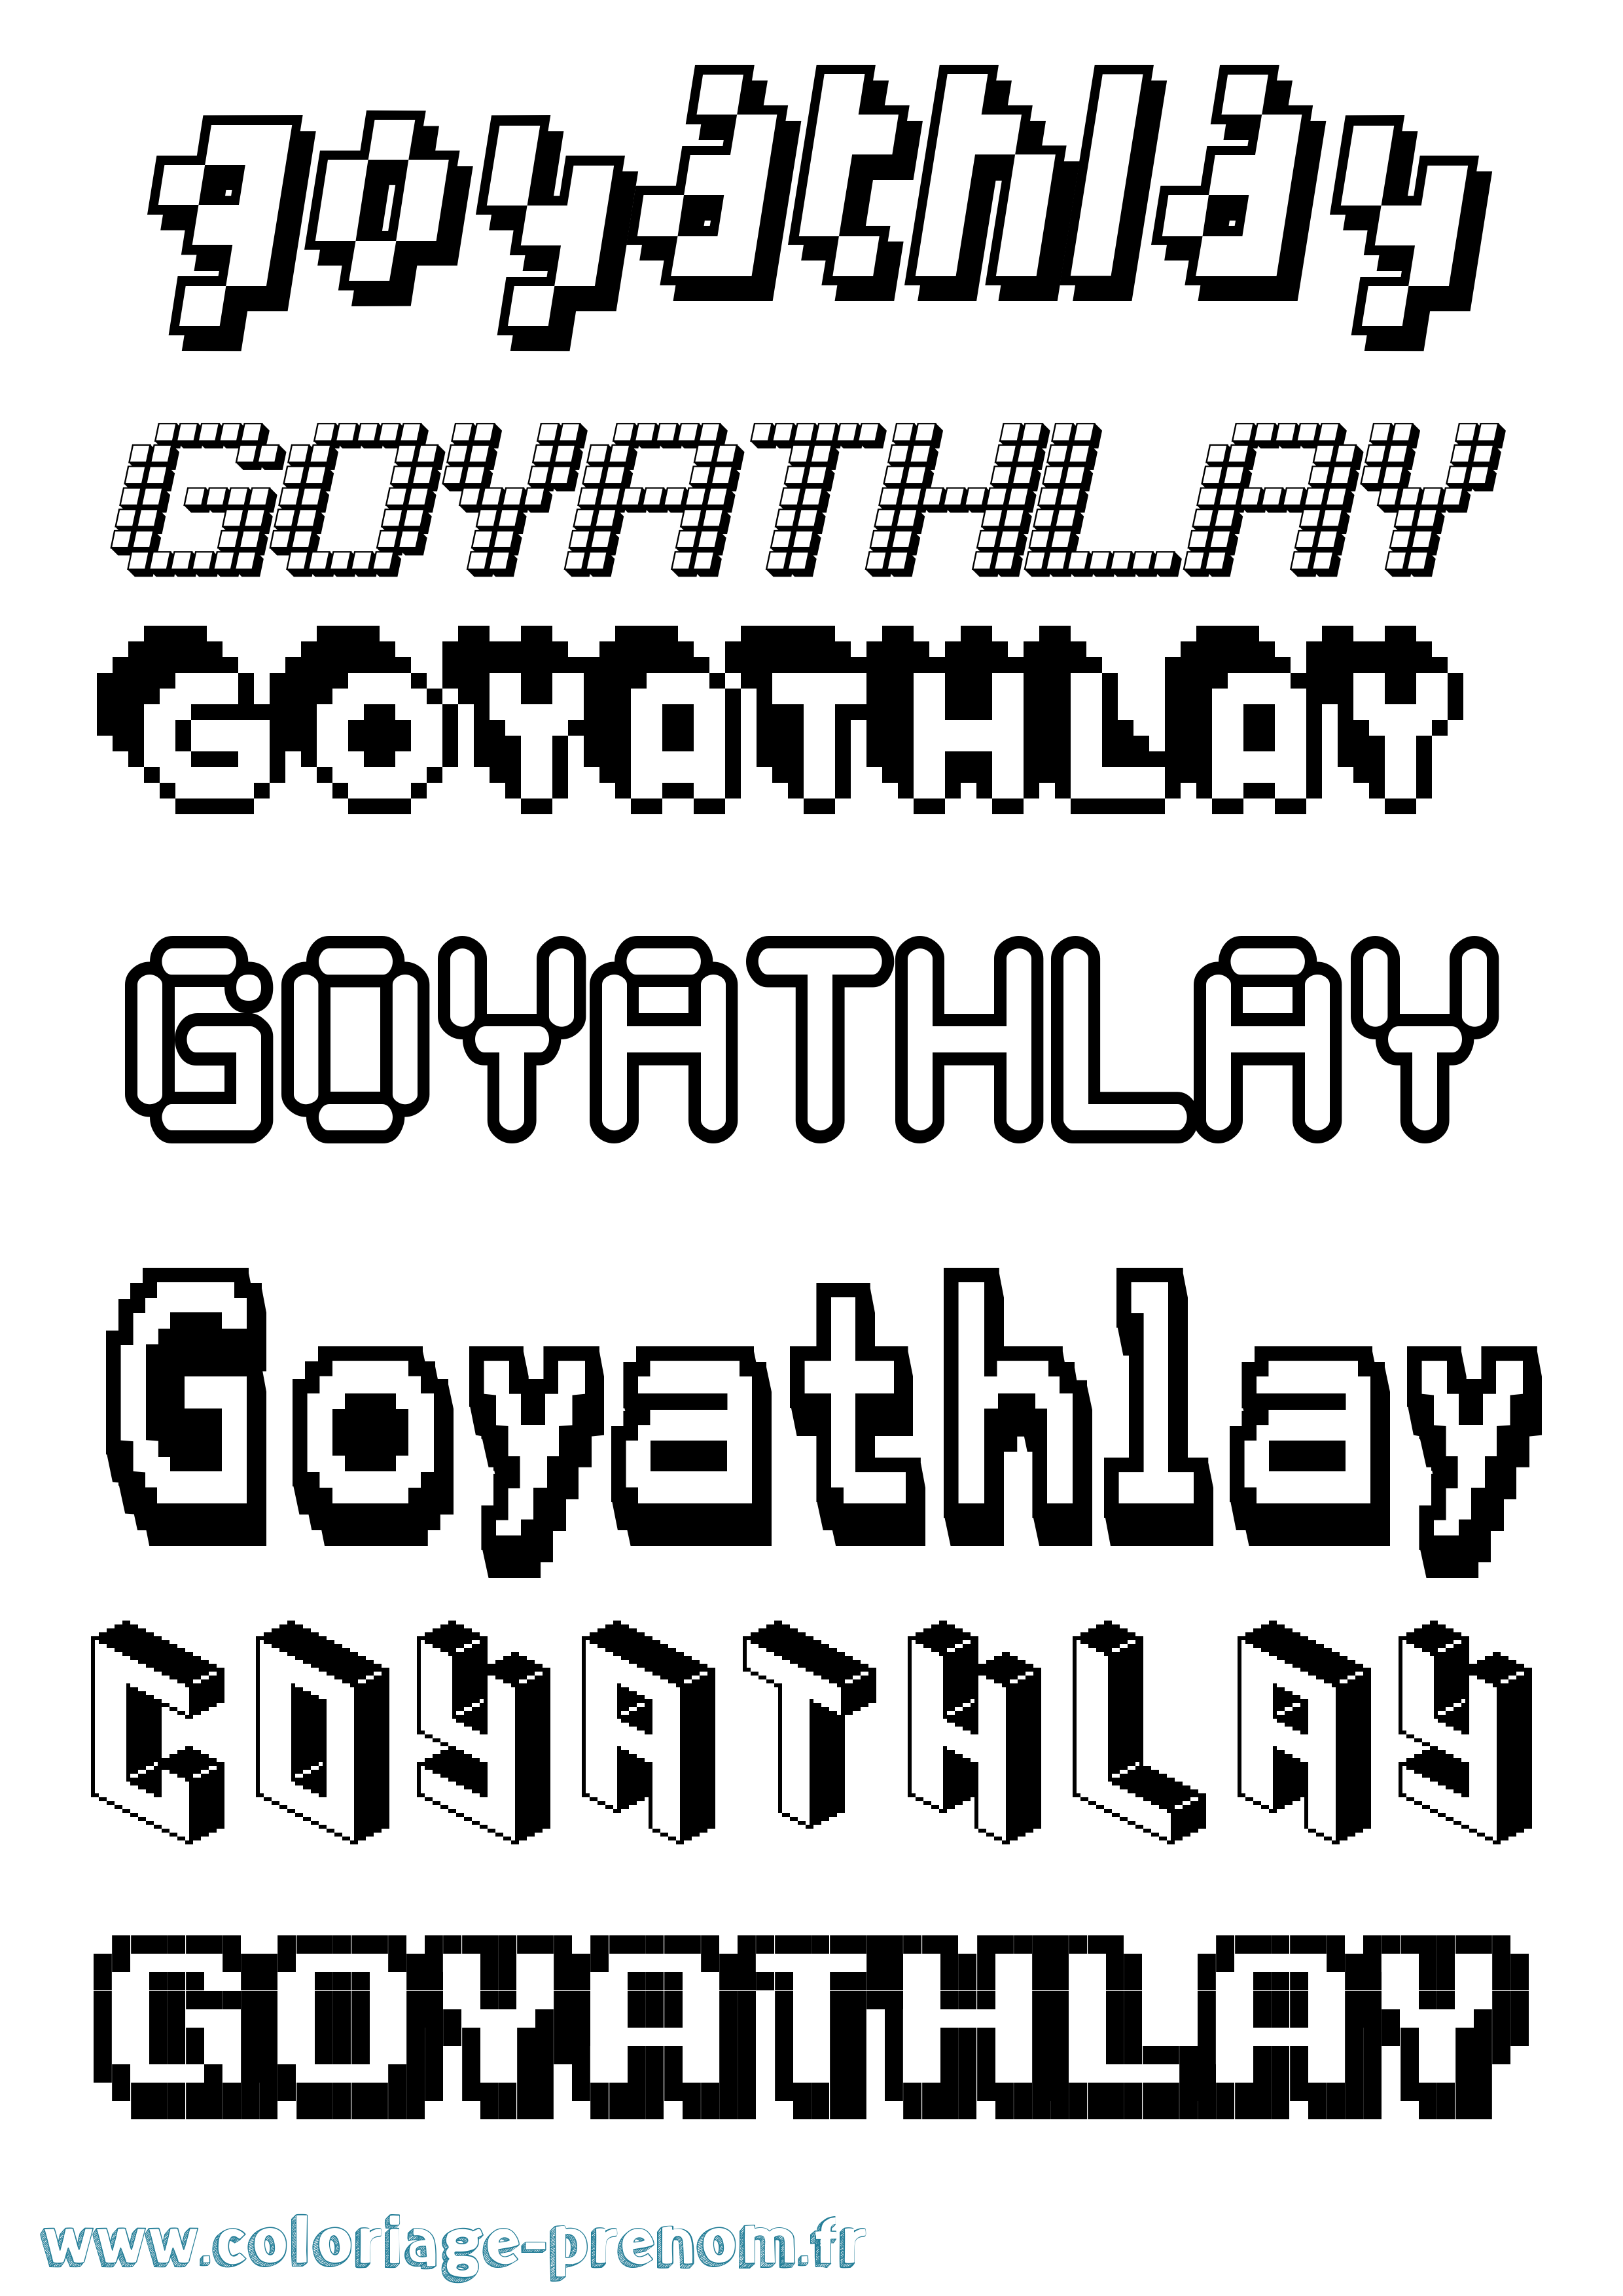 Coloriage prénom Goyathlay Pixel
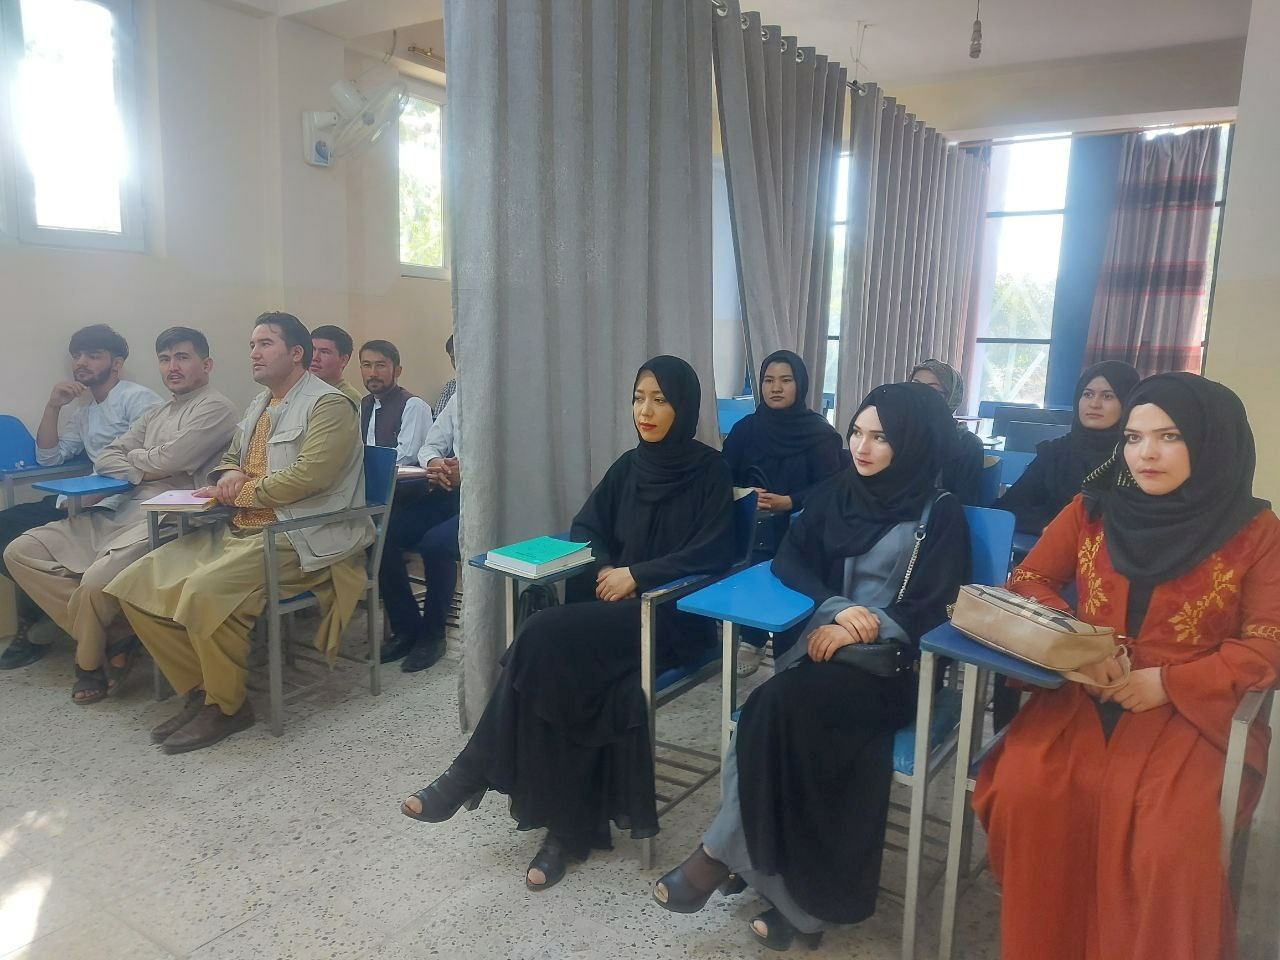 Los estudiantes asisten a clases bajo nuevas condiciones de aula en la Universidad de Avicenna en Kabul, Afganistán (Foto: REUTERS)
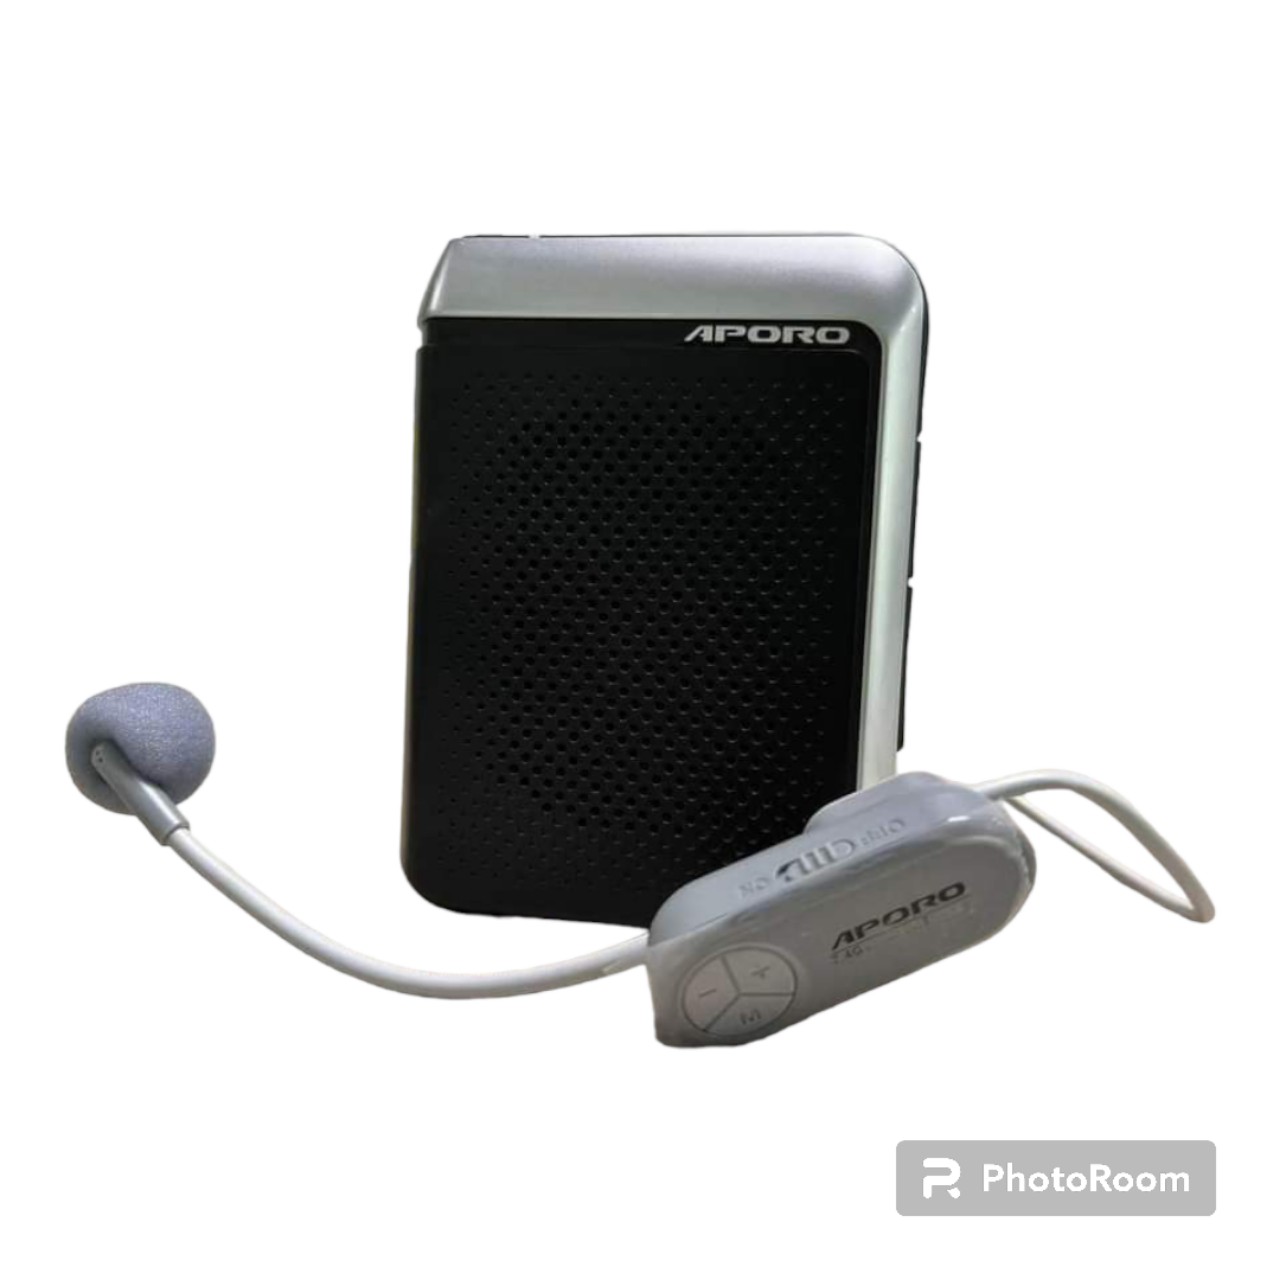 Loa máy trợ giảng không dây Aporo T18 Plus 2.4G Wifi Bluetooth 5.0 Hàng Chính Hãng (Lựa chọn thêm Hộp bảo vệ Aporo)
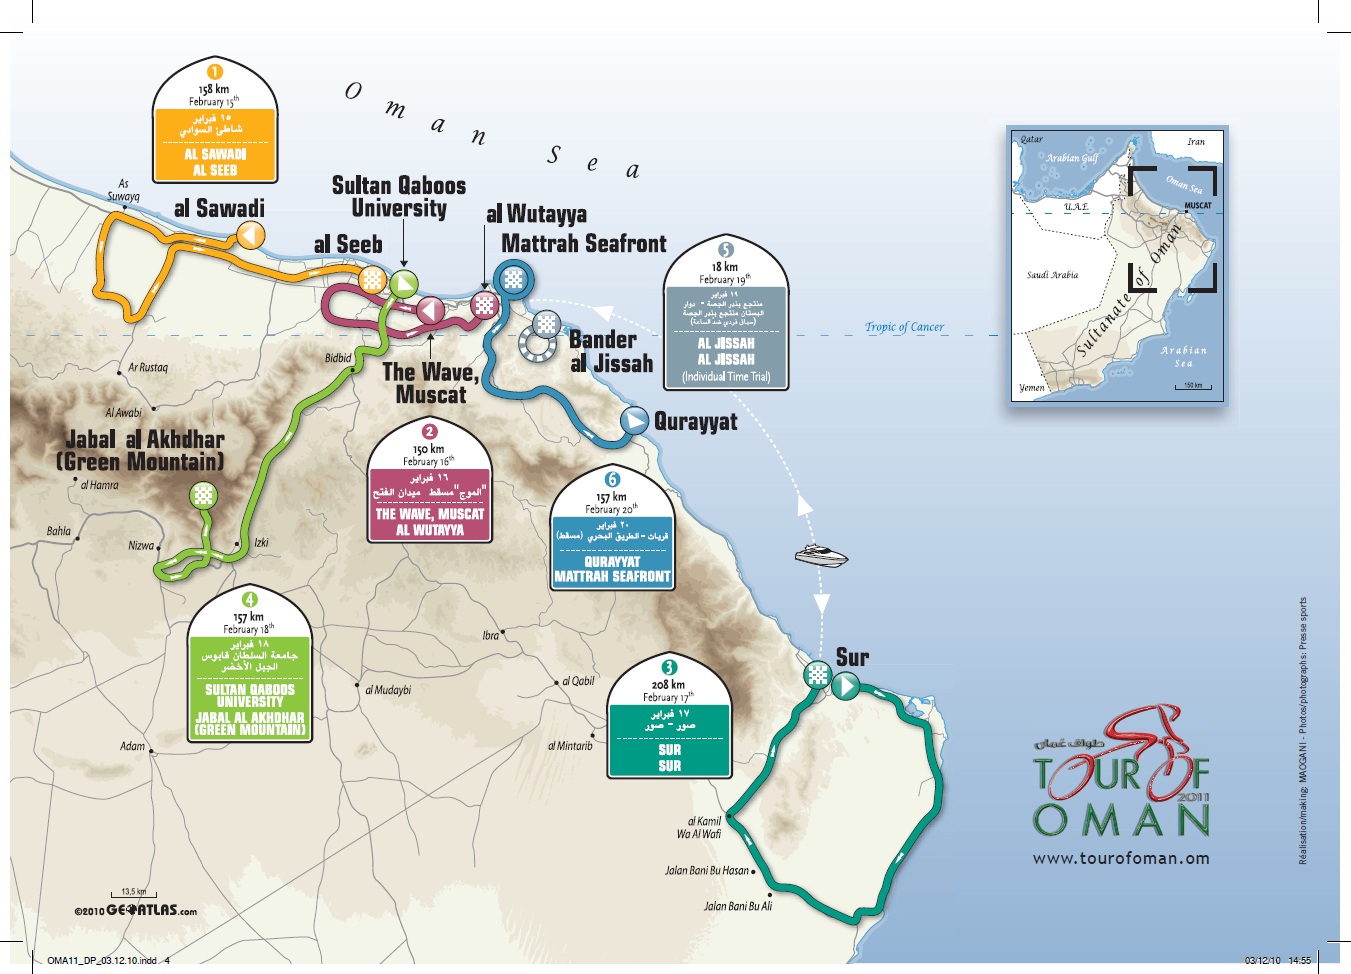 Streckenverlauf Tour of Oman 2011
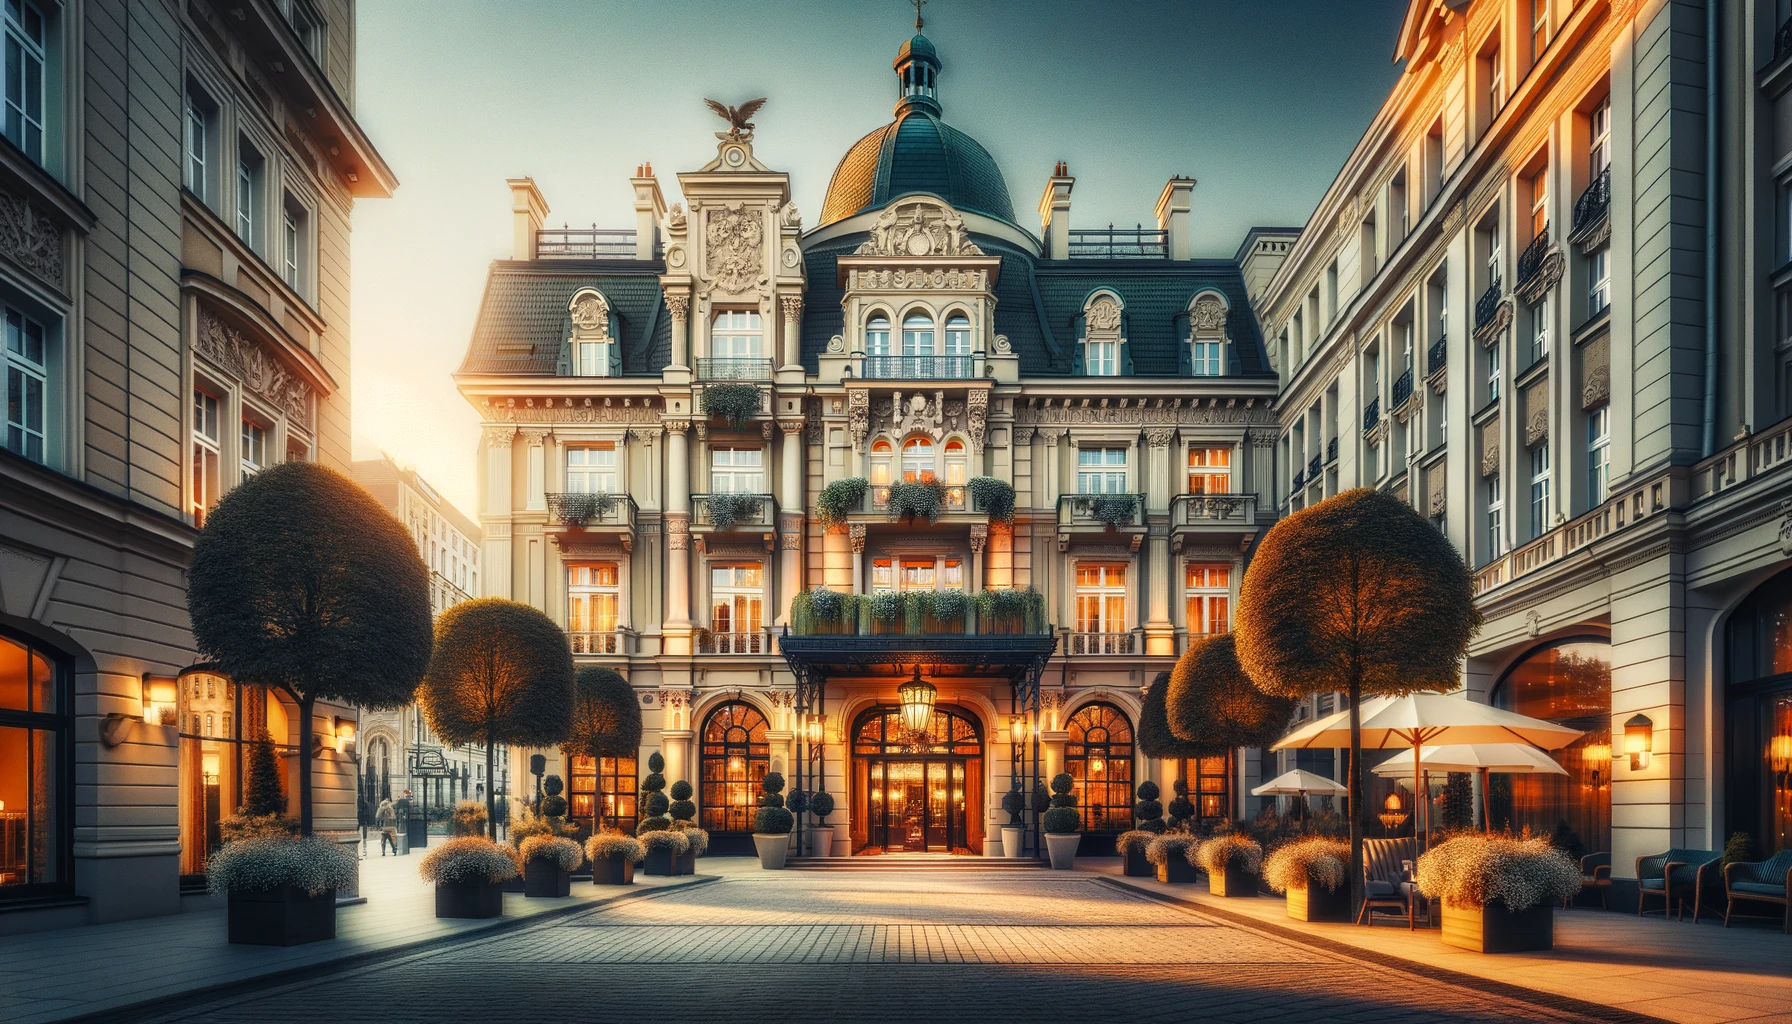 Elegancki widok zewnętrzny luksusowego Hotelu Monopol we Wrocławiu, łączący historyczną i nowoczesną architekturę.

————

Produce an exact copy of the lines from the line containing "Streckenverlauf Tour of Oman 2011" to the end of the material, both ends included, and omit every picture.

 Streckenverlauf Tour of Oman 2011
 Elegancki widok zewnętrzny luksusowego Hotelu Monopol we Wrocławiu, łączący historyczną i nowoczesną architekturę.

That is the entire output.